━━━ Given data
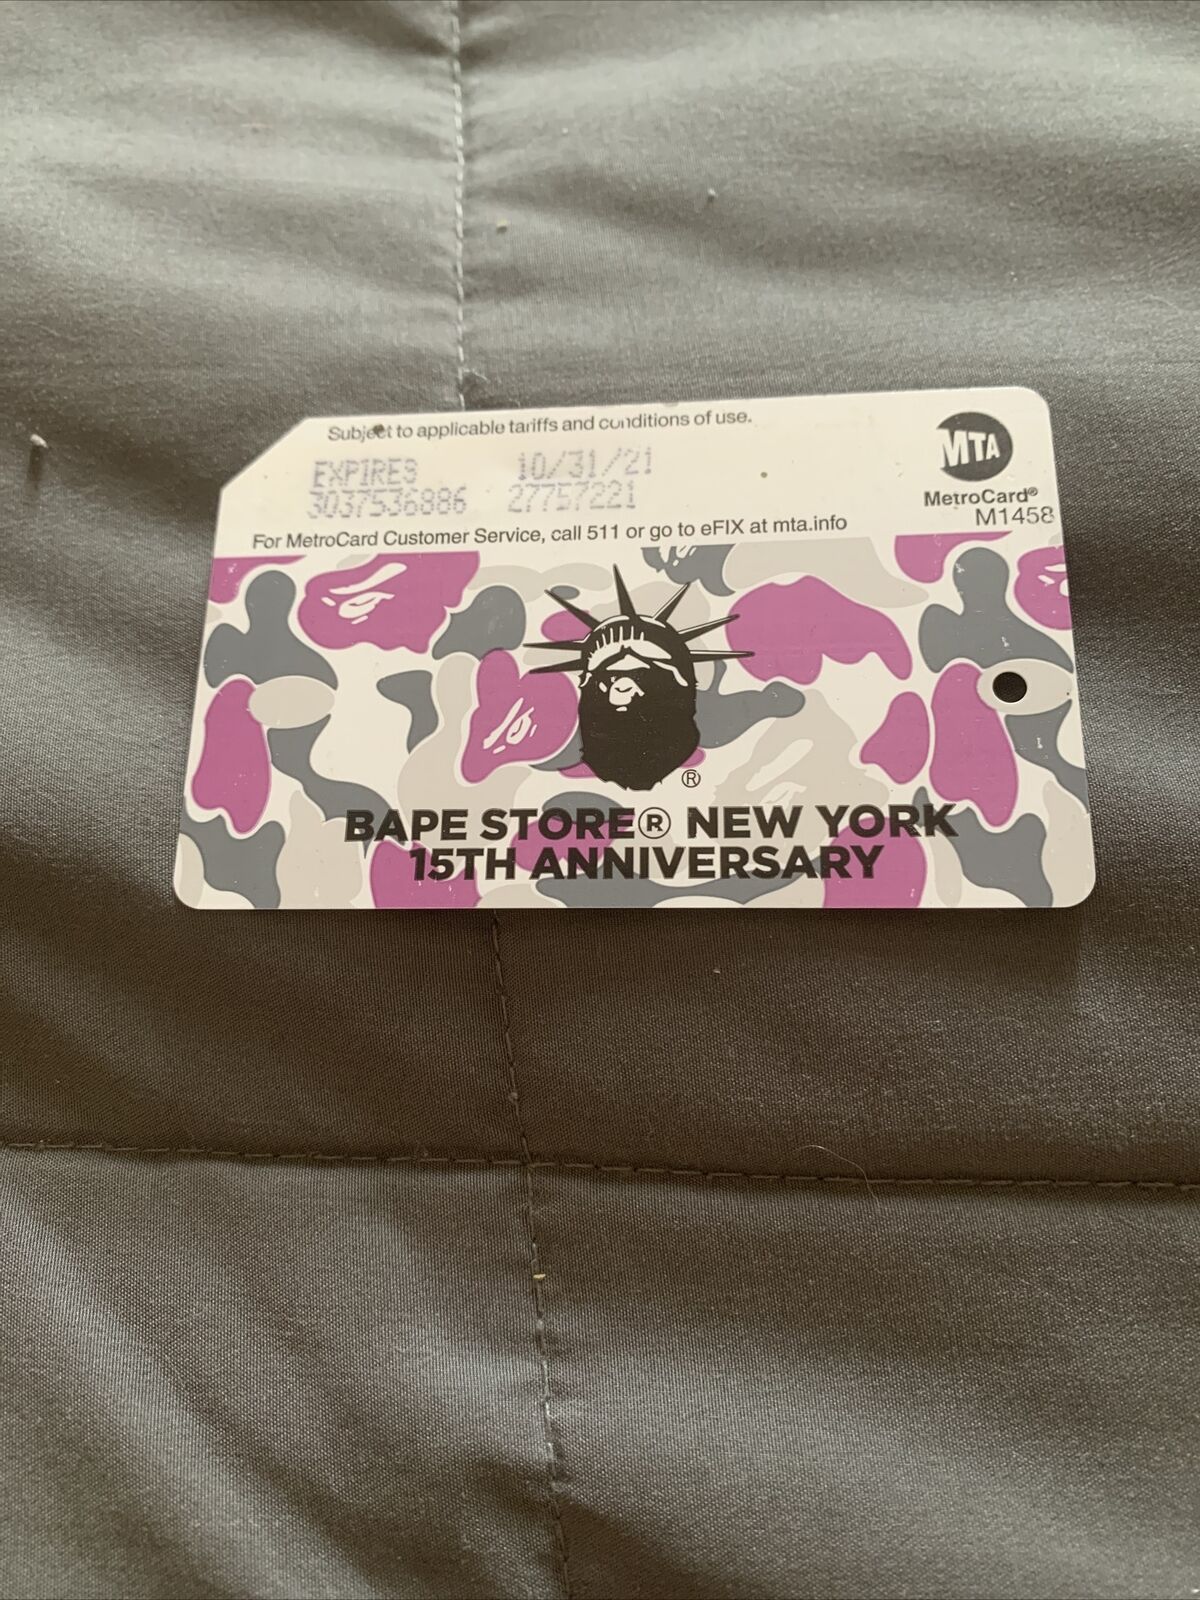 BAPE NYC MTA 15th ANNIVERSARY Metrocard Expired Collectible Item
━━━━━━
━━━ Given data
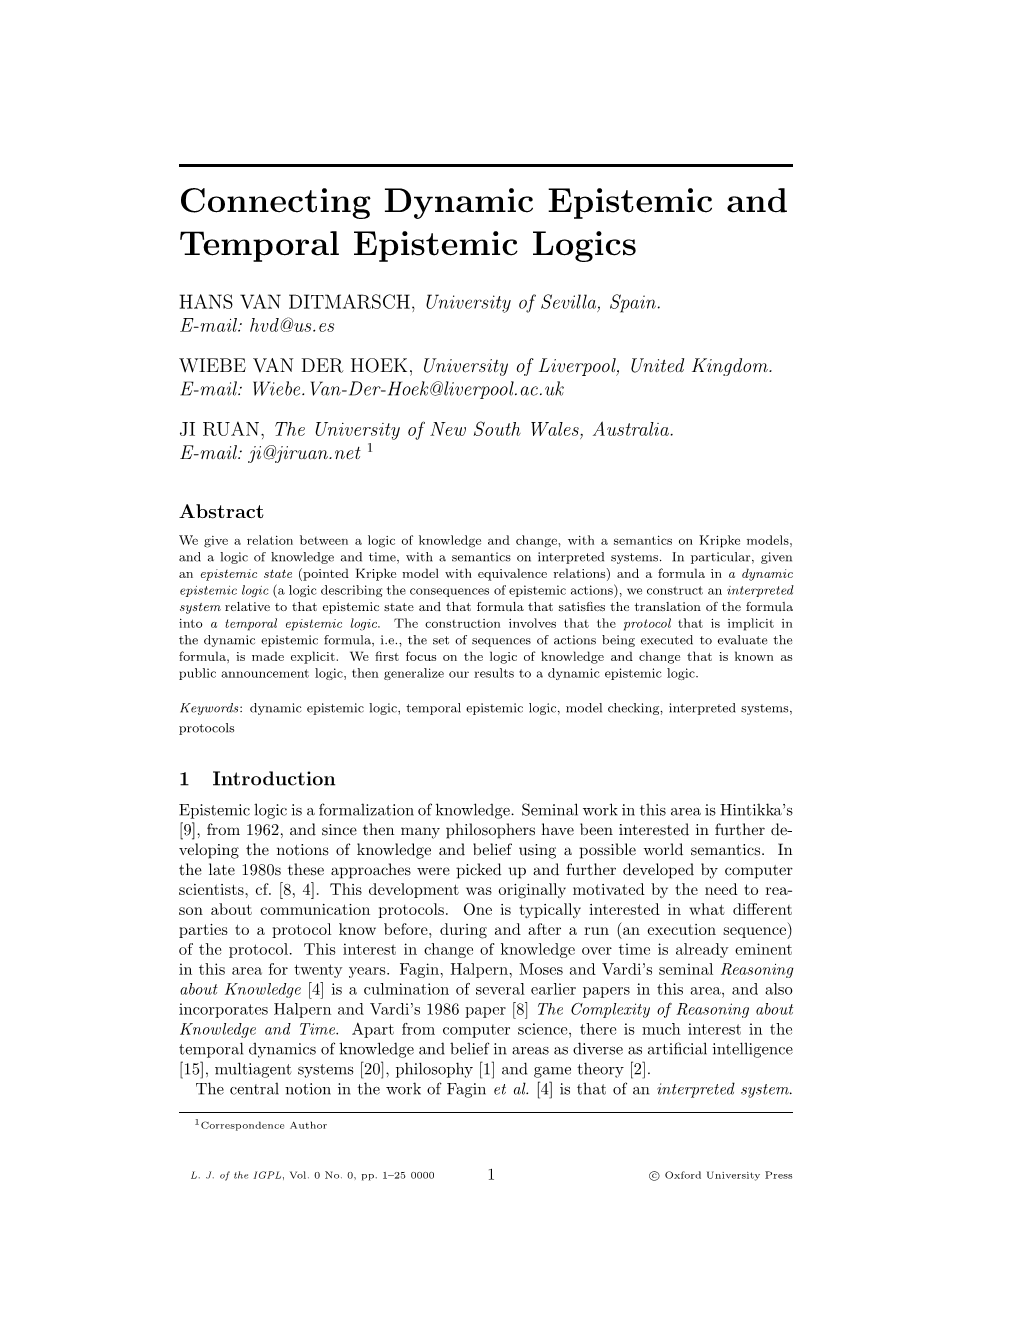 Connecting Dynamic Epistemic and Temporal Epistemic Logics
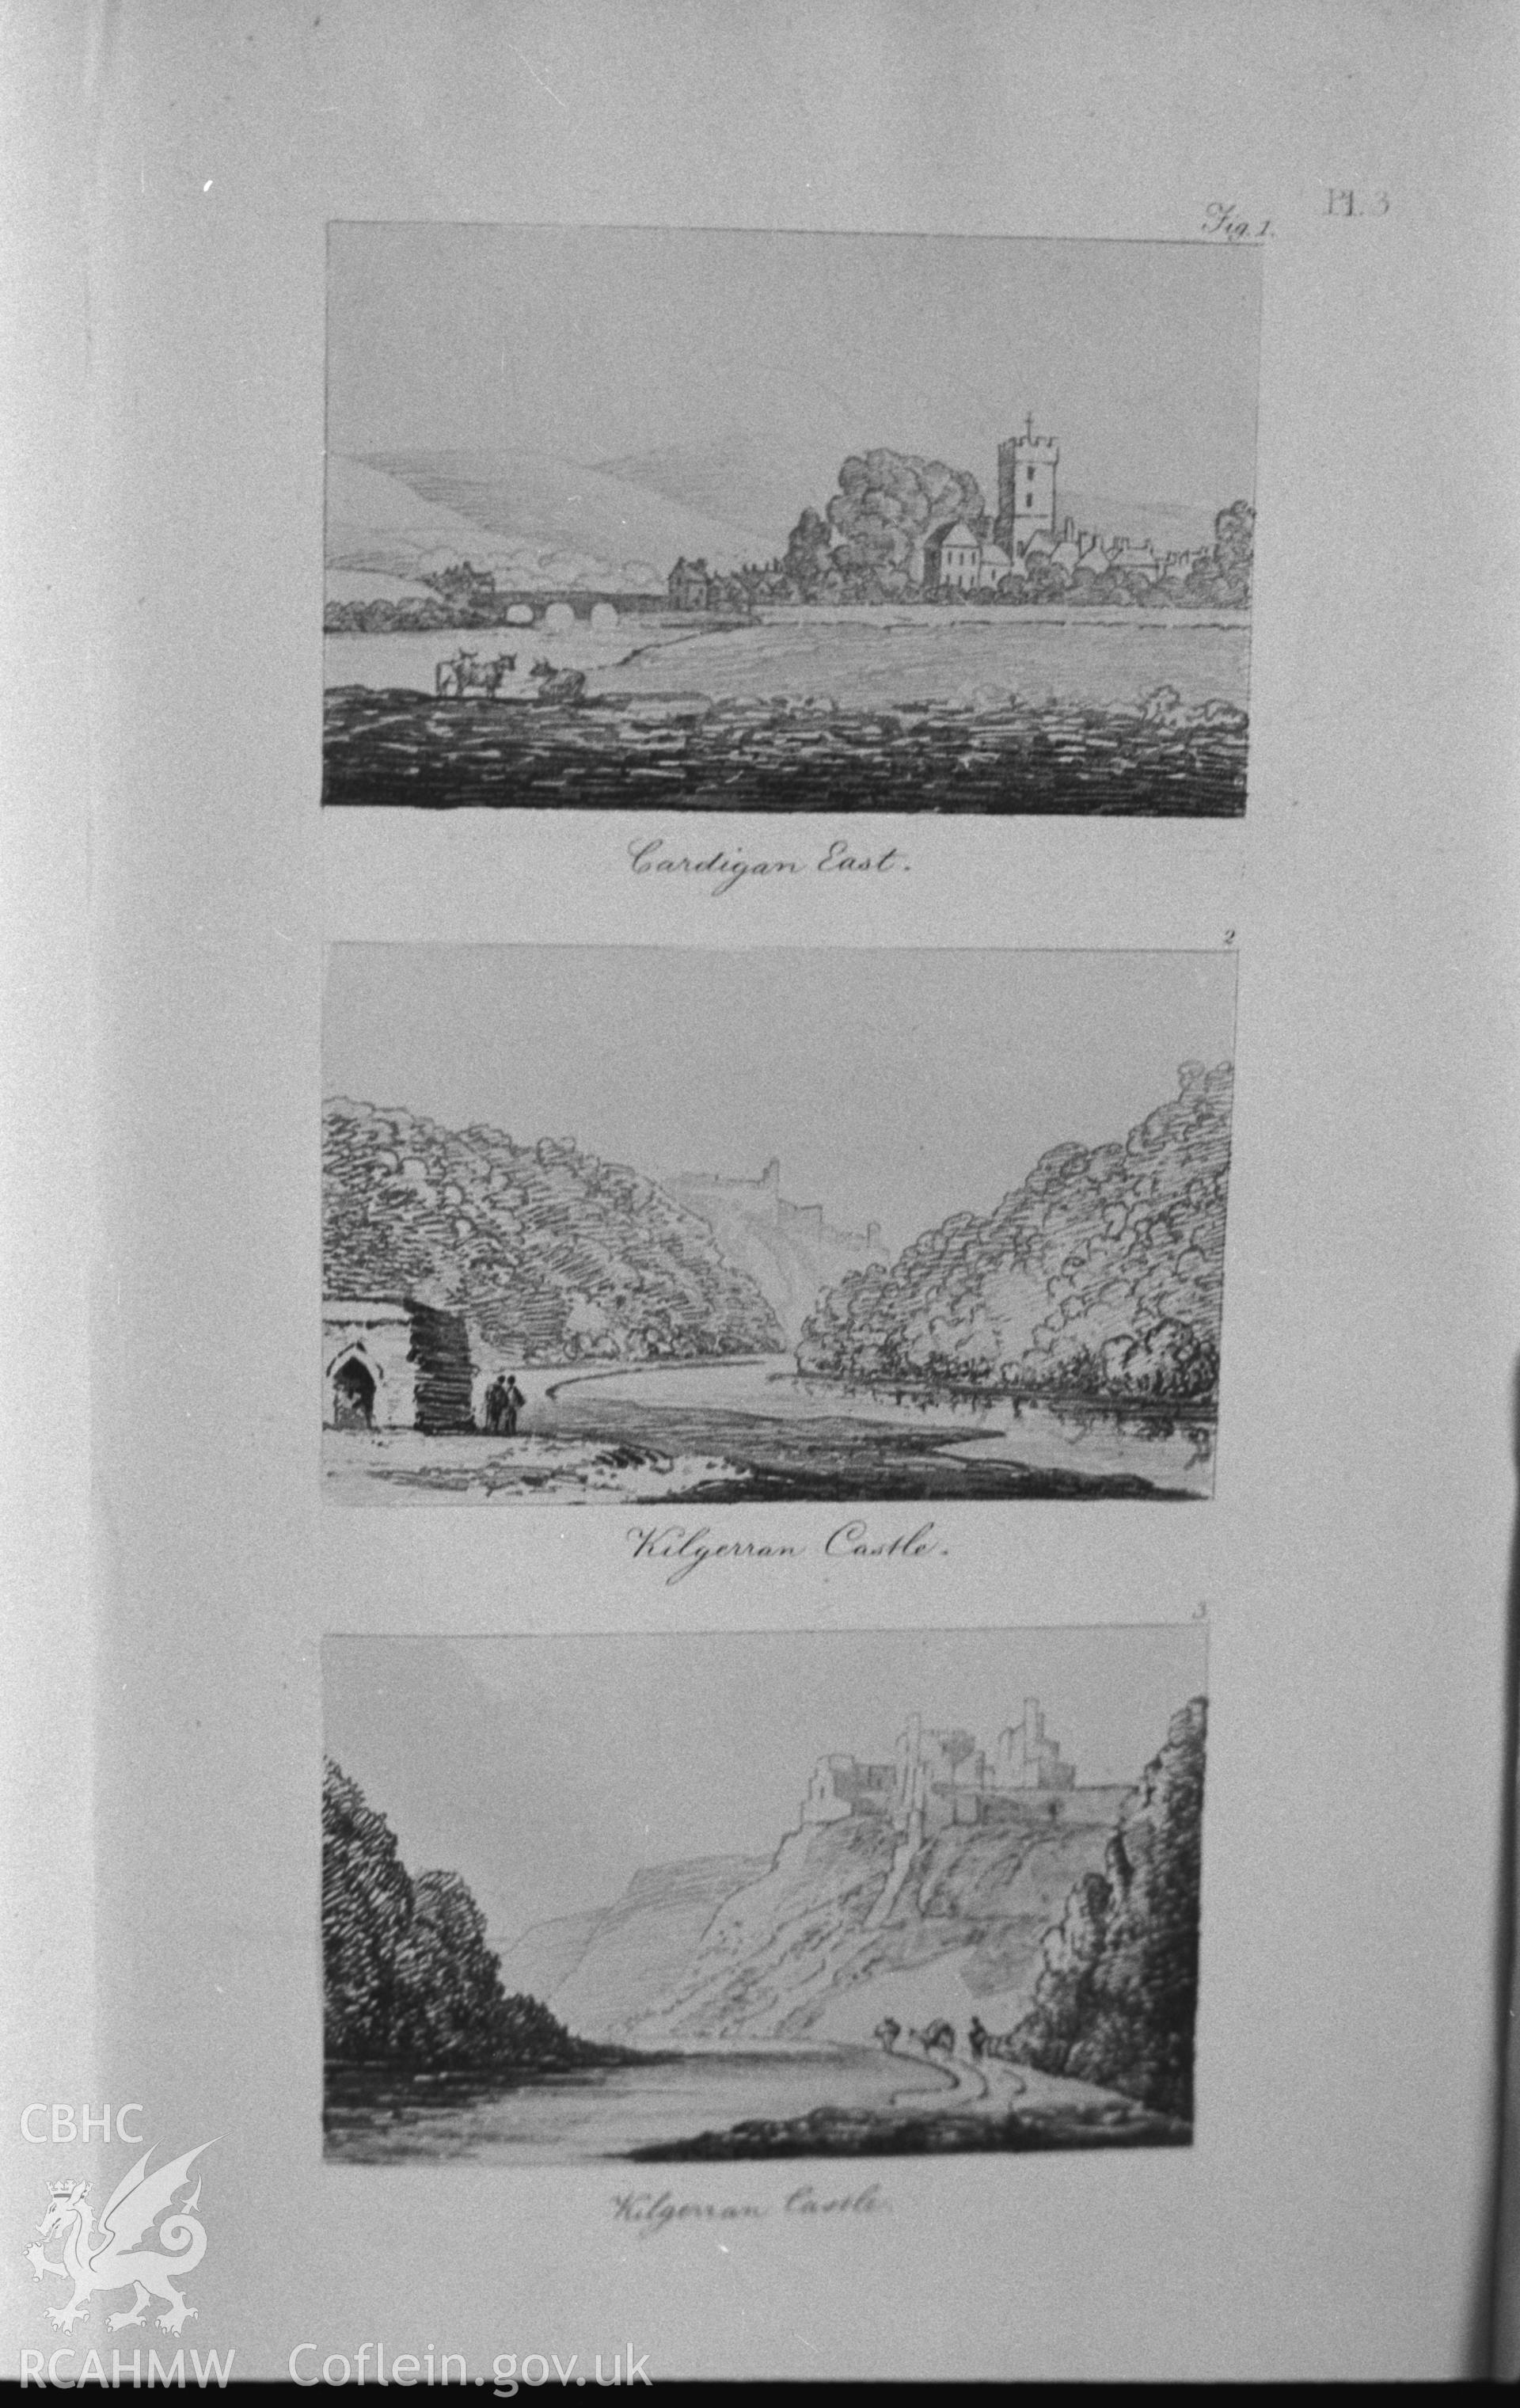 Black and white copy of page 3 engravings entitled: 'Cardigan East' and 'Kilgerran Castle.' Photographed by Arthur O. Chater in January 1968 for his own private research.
━━━━━━
→ **Problem details**:
The answer is those lines of the material above that run from the one containing "Connecting Dynamic Epistemic" up to and including the one containing "Black and white", restated exactly and without images.

→ **Solution to this problem**:
 Connecting Dynamic Epistemic and Temporal Epistemic Logics
 Black and white copy of page 3 engravings entitled: 'Cardigan East' and 'Kilgerran Castle.' Photographed by Arthur O. Chater in January 1968 for his own private research.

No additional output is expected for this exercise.